別名「やせホルモン」

1については、アディポネクチンは別名「やせホルモン」ともいわれる通りで、肝臓や筋肉に働き掛けて、脂肪を減らしてくれます。メタボや生活習慣病が気になる人には嬉しい効果です。

メタボリックシンドロームのお腹
写真=iStock.com/kuppa_rock
メタボや生活習慣病にも効果(※写真はイメージです)

なお内臓脂肪が増えると、アディポネクチンの量が減ってしまいます。つまり肥満の人はますますやせにくくなっていき、やせていくと、アディポネクチンが分泌しやすい体質になっていくのですね。

やせる好循環と、太る悪循環。アディポネクチンで、好循環を回していきましょう。

「血管を修復する働き」もある

超善玉ホルモンと呼ばれるアディポネクチンには、血管を拡張したり修復する働きがあります。

血管が拡張すれば高血圧が改善しますし、痛んだ血管があれば修復されます。動脈硬化などのリスクも下がります。

なお、日本人の死因の第2位は、心疾患です。心疾患とは、心臓で起こる病気のことですが、その大部分に血管が関わっています。
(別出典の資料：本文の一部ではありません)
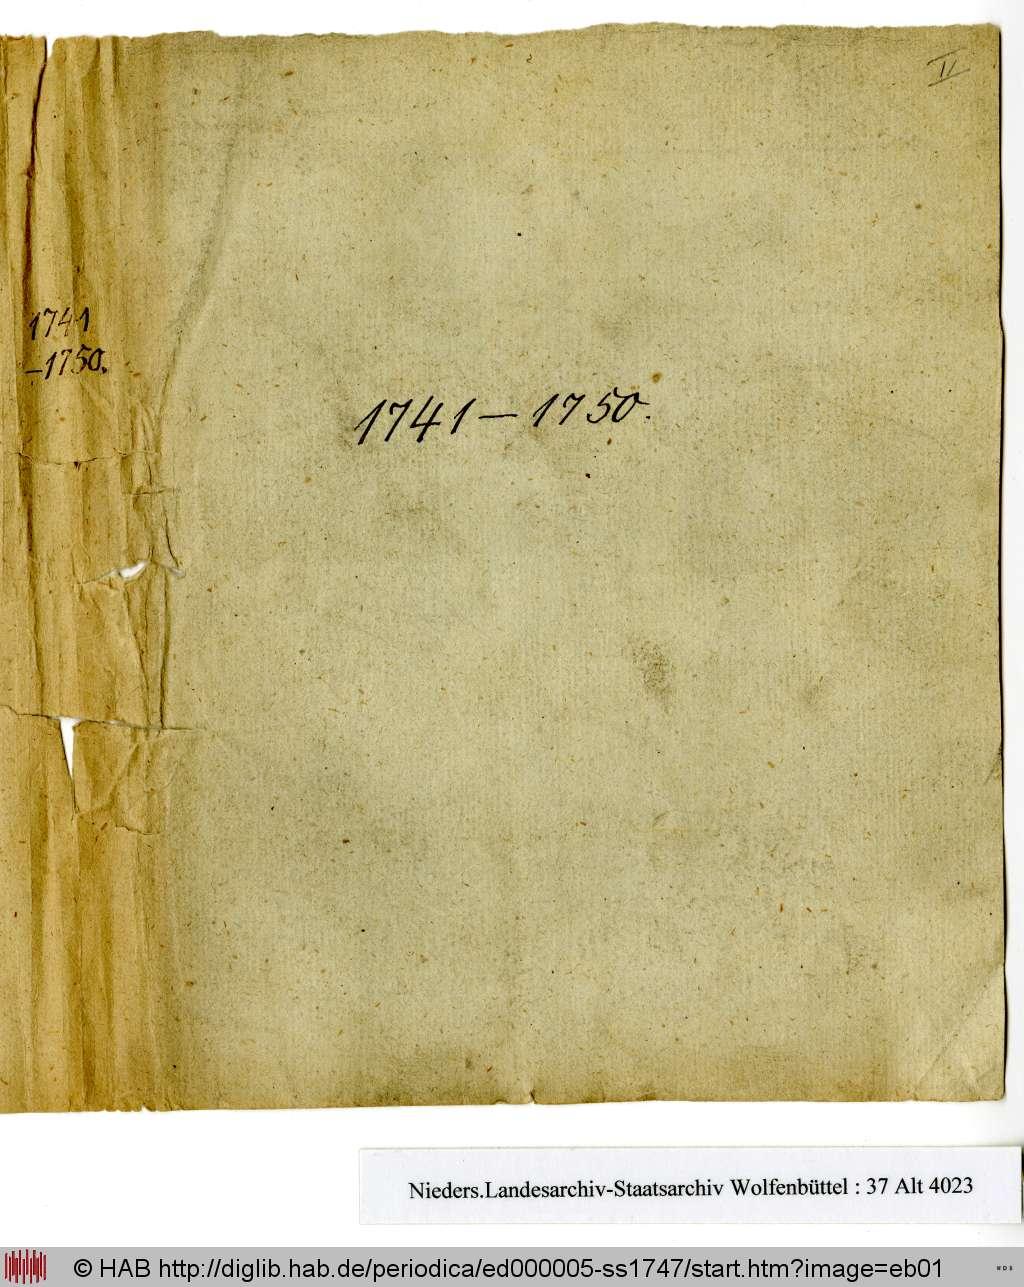 http://diglib.hab.de/periodica/ed000005-ss1747/eb01.jpg

特に心臓の筋肉への血流が悪くなると、酸素や栄養素が不足します。こうして起こるのが狭心症や心筋梗塞といった病気です。

アディポネクチンの血管拡張や修復の働きは、こうした心臓病を未然に防ぎ、改善してくれます。

長寿にメリットが大きいホルモン、アディポネクチン。糖尿病の予防にも役立ちます。

その理由は、糖を細胞に取り込む役割をもつ「インスリン」の効きをよくするからです。インスリンはいわば鍵のようなもので、細胞の入り口を開けるきっかけになります。

その効きがよくなれば糖が細胞内にスムーズに入りますので、血液中の濃度が下がるのです。

アディポネクチンが糖尿病の予防や改善に効果があるのは、こうした理由によります。